Google et Anthropic ont contourné le problème avec élégance : plutôt qu’un transfert de base de données, ils font générer un résumé en langage naturel par l’IA elle-même. L’utilisateur copie du texte, pas un jeu de données structuré. Juridiquement, la nuance est de taille. Mais les autorités européennes n’ont pas encore tranché.
La mémoire comme champ de bataille
Ce qui se joue dépasse la simple commodité. Jusqu’ici, le principal frein au changement de chatbot n’était pas la puissance des modèles, régulièrement comparés dans les benchmarks et classements publics. C’était l’inertie. Des mois de contexte accumulé, de préférences enregistrées, de projets en cours qu’il faudrait réexpliquer de zéro.
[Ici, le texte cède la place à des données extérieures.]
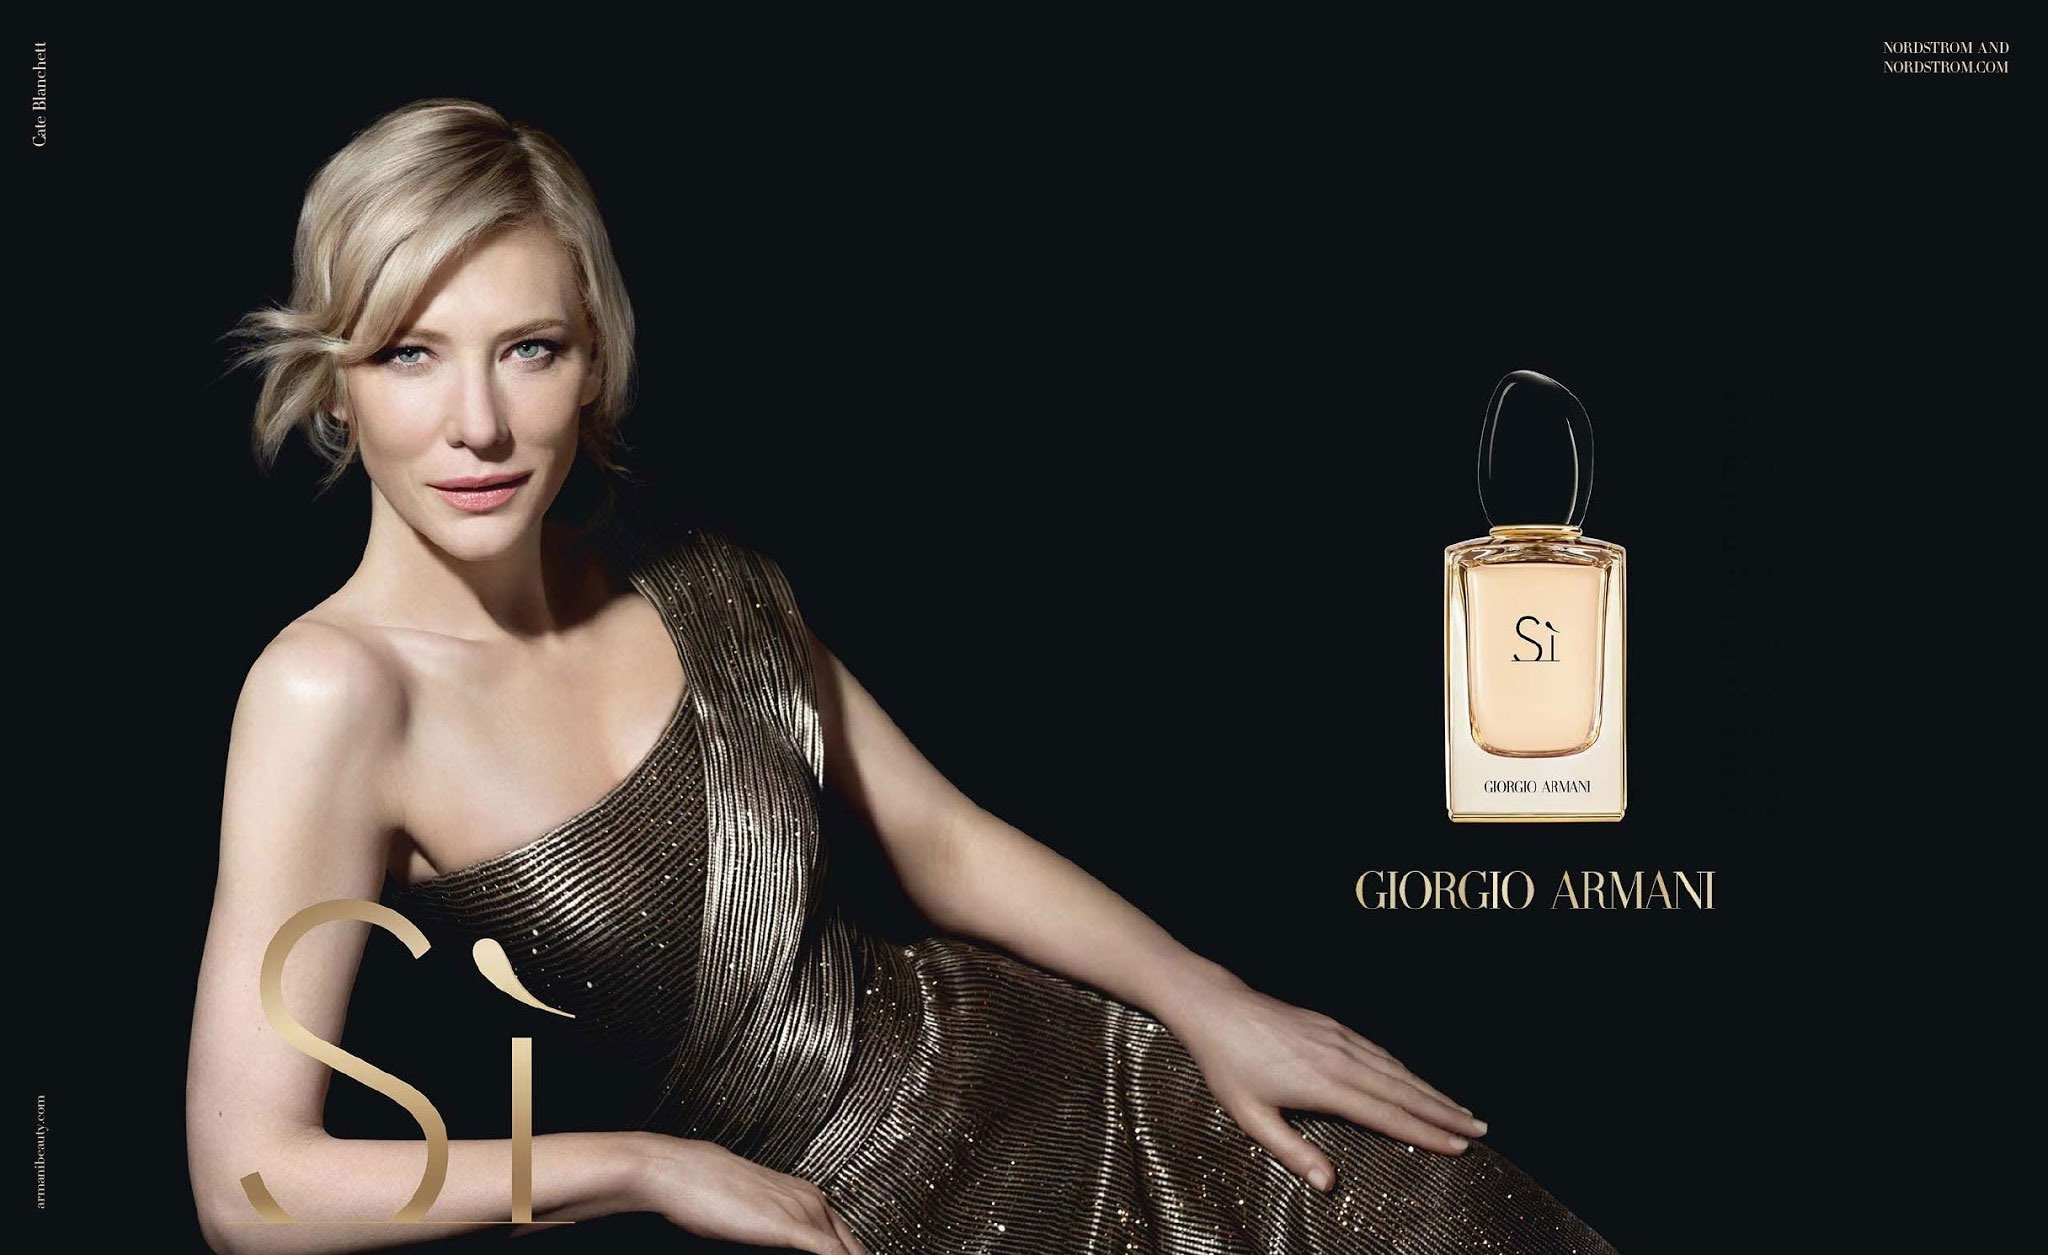 Kết quả hình ảnh cho Si Eau de parfum Giorgio Armani poster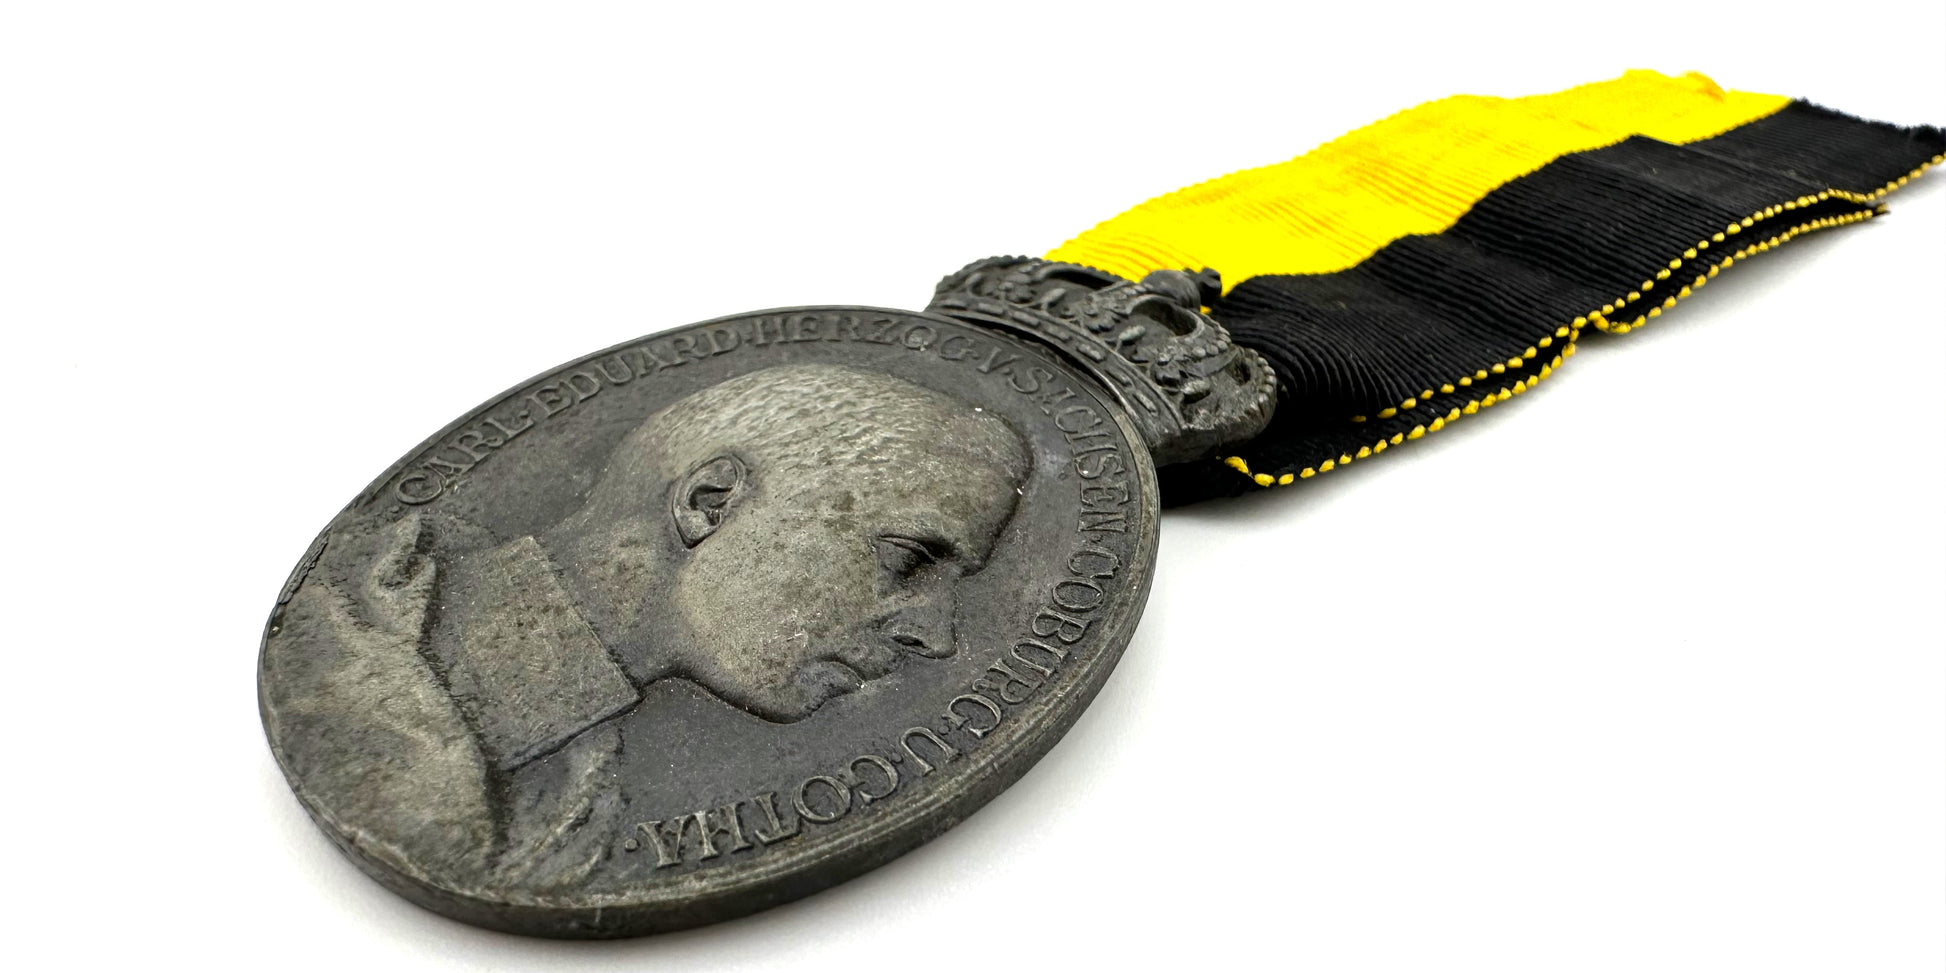 Saxe-Coburg Gotha Carl Eduard Oval Medal - Derrittmeister Militaria Group

Ce verrouillage par la donnée personnelle rappelle celui des réseaux sociaux à leurs débuts : on ne quittait pas Facebook parce que tous ses amis y étaient déjà, pas parce que le produit était irremplaçable.
En cassant ce verrou, Google et Anthropic parient que la concurrence se jouera enfin sur la qualité du modèle, la vitesse de réponse et les fonctionnalités. Pour l’instant, OpenAI n’a pas répliqué avec un outil de migration équivalent. Avec 900 millions d’utilisateurs hebdomadaires, c’est ChatGPT qui a le plus à perdre dans cette guerre de la portabilité, et le plus à gagner en construisant le même pont en sens inverse.